▸ Source material:
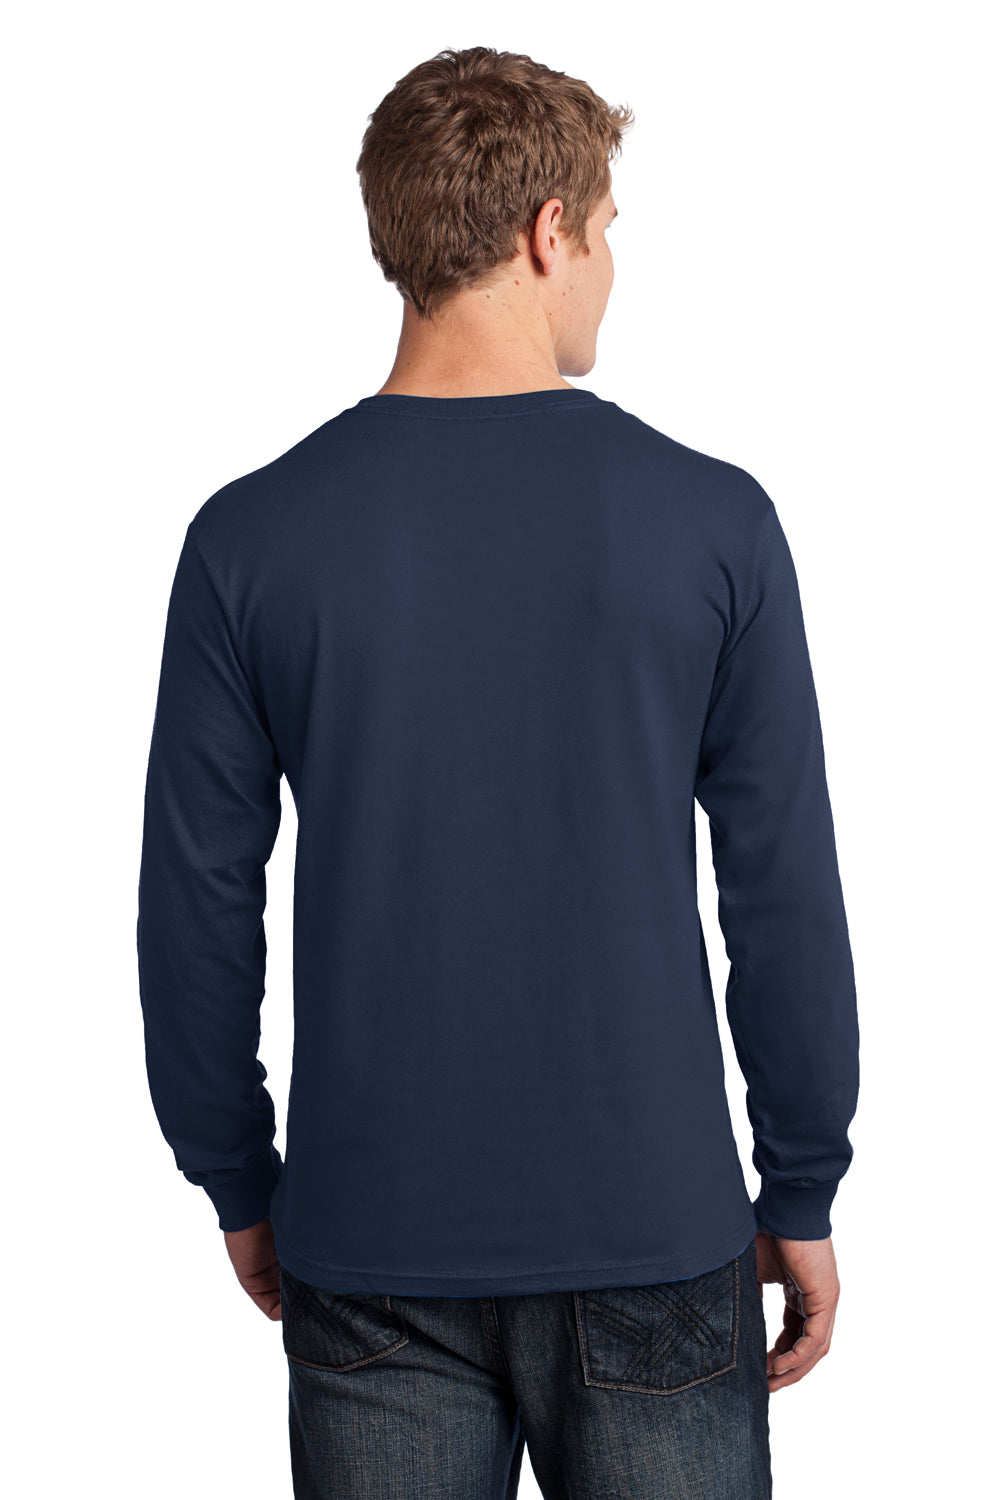 Port & Company PC54LS Mens Core Long Sleeve Crewneck T-Shirt Navy Blue Back
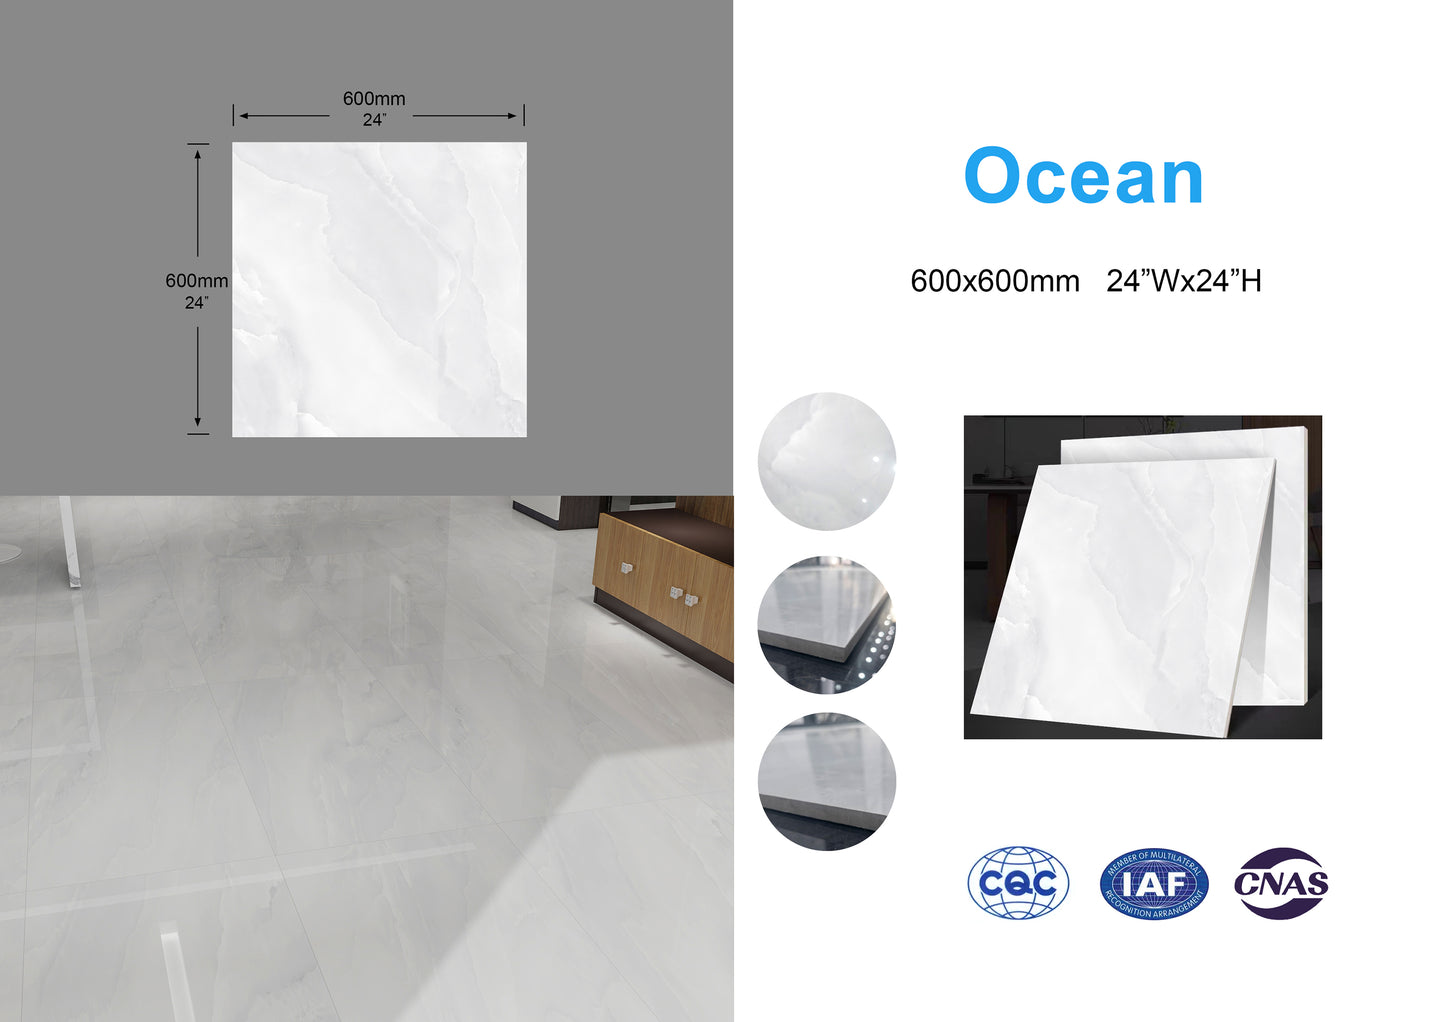 Ocean family Full Polished Glazed Tile light gray 24"x24" 4pcs/box 16sf/box $23.84/BOX $1.49/sf
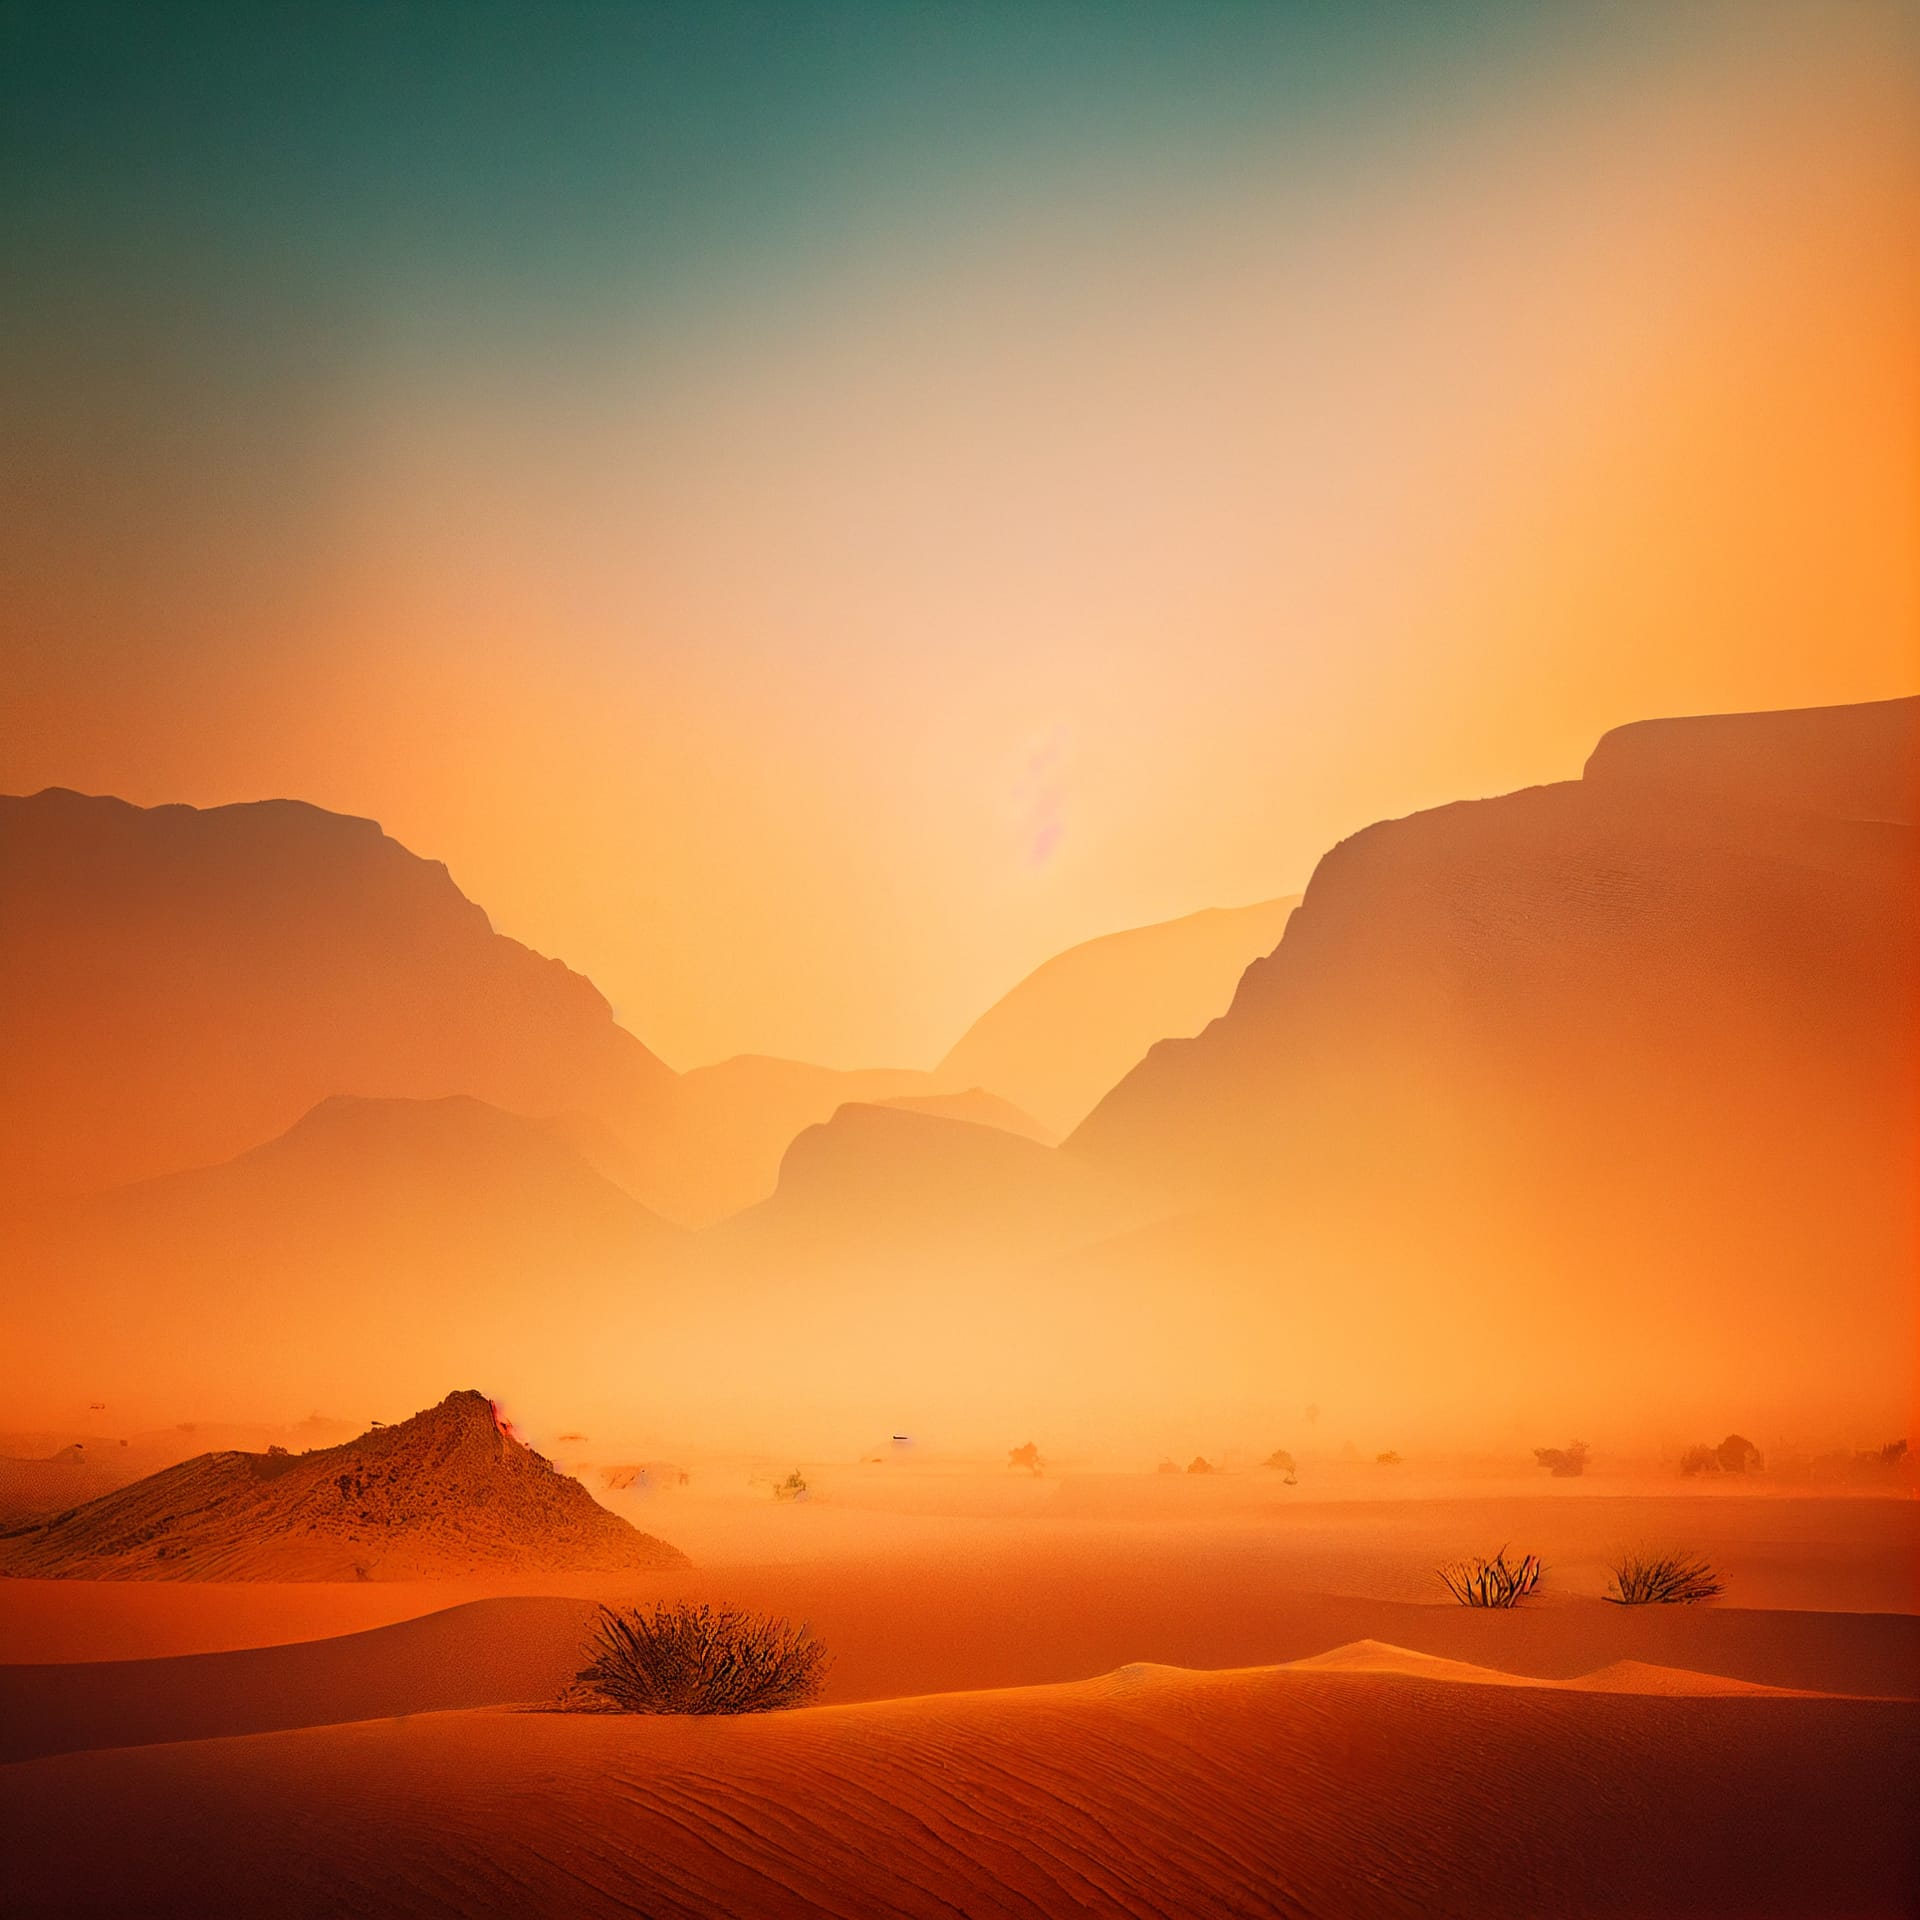 Beautiful desert landscape sunset sunrise excellent image

▸ Task description: With pictures excluded, output the listing above exactly as it stands.

▸ Answer space:
 Port & Company PC54LS Mens Core Long Sleeve Crewneck T-Shirt Navy Blue Back
 Ocean family Full Polished Glazed Tile light gray 24"x24" 4pcs/box 16sf/box $23.84/BOX $1.49/sf
 Beautiful desert landscape sunset sunrise excellent image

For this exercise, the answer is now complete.